The Scriptorium Daily. Is out!!!


Chronic Comic 324 : FibroModem. I have been in an extreme flare the last few days. The weird part of that little comic is that when I am not in a flare I almost don’t believe such a thing exists. Meanwhile, I am very unhappy about my lack of wordage. Typing is very uncomfortable and I can’t make it too far from my bed so finding a why to Dragon-Speak in a private area hasn’t happened.  But you watch. When this flare goes bye-bye I won’t remember how miserable I was. Grrrr.


Fibromyalgia Mystery Finally Solved! | The Guardian Express.

 

Not sure I believe this one.
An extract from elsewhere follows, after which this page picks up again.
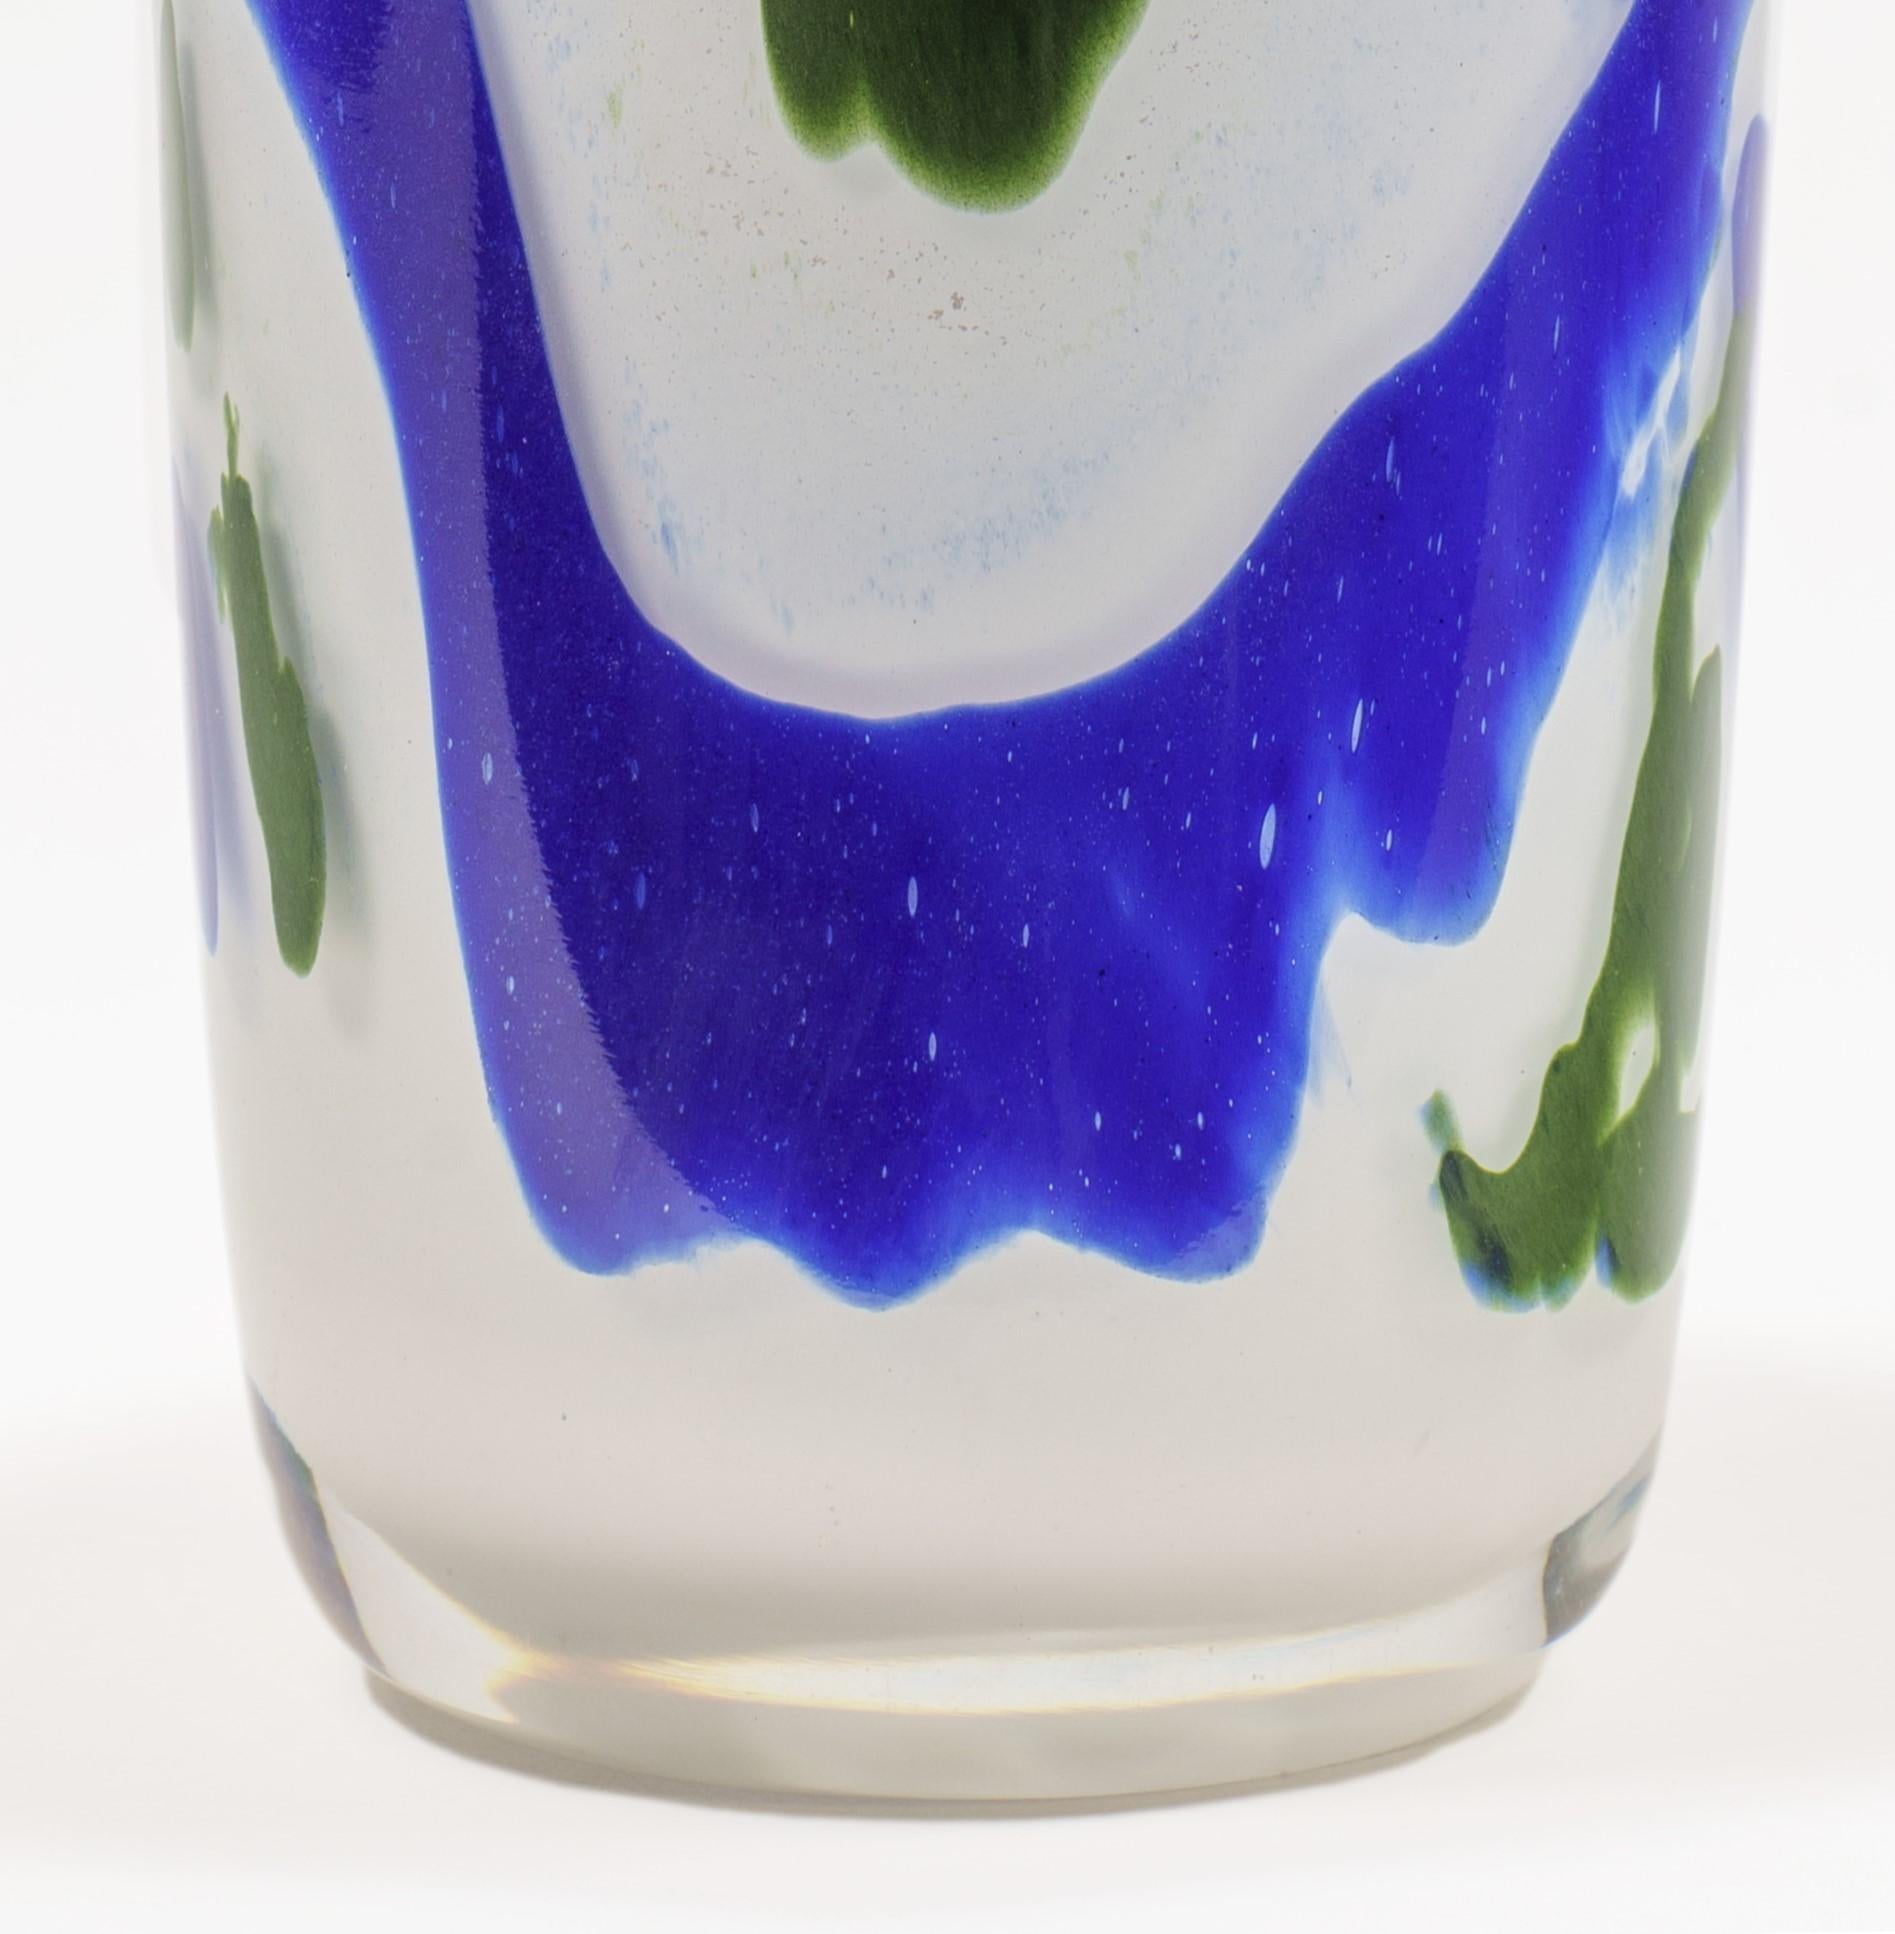 Jeremiah Whiting est un artiste verrier hautement qualifié qui a créé une magnifique pièce en verre soufflé en utilisant des tourbillons bleus et verts sur un fond blanc. Cette pièce est un exemple stupéfiant de l'art et du savoir-faire qui

What I can relate is that when the doctor decided to test my blood to see if my blood sugar was low she saw that I was a ‘bleeder’ I have always known that my fingertips were so sensitive that I had to keep my nails long. I gave up trying to teach myself guitar. I found staccato tunes on the piano painful. Typing on a typewriter hurt. If my hands get cold while preparing fruits or veggies for salads I was pretty much a basket case and couldn’t eat said foods for hours after.

That said. The pain I experience in a flare feels like my bones from tailbone to ankles are going to explode. The next step of a flare goes up into my shoulders and neck. Then arms and shoulder blades at the level of bra-strap start in. But the very worst of it isn’t a headache, thank God-dess I don’t get those, too! but a fog that is so permeating that I am unable to do anything at all. Even remembering to go to the restroom  slips my mind while in that fog. So did I just prove this latest study right? As I stated at the beginning, not sure. But it is something not to hear it is in my head! I am so tired of people showing and proving to me that they have overcome and thereby I am somehow less than they are! Do they think I like spending my life in bed? Do they realize how busy I used to be before this took over my life? Have they any idea how passionate I am about so many things that I can’t find the energy to enjoy? It is NOT depression! I am depressed because I can’t do stuff! Sorry for the whine! And no, I don’t do cheese: gluten-free/vegan!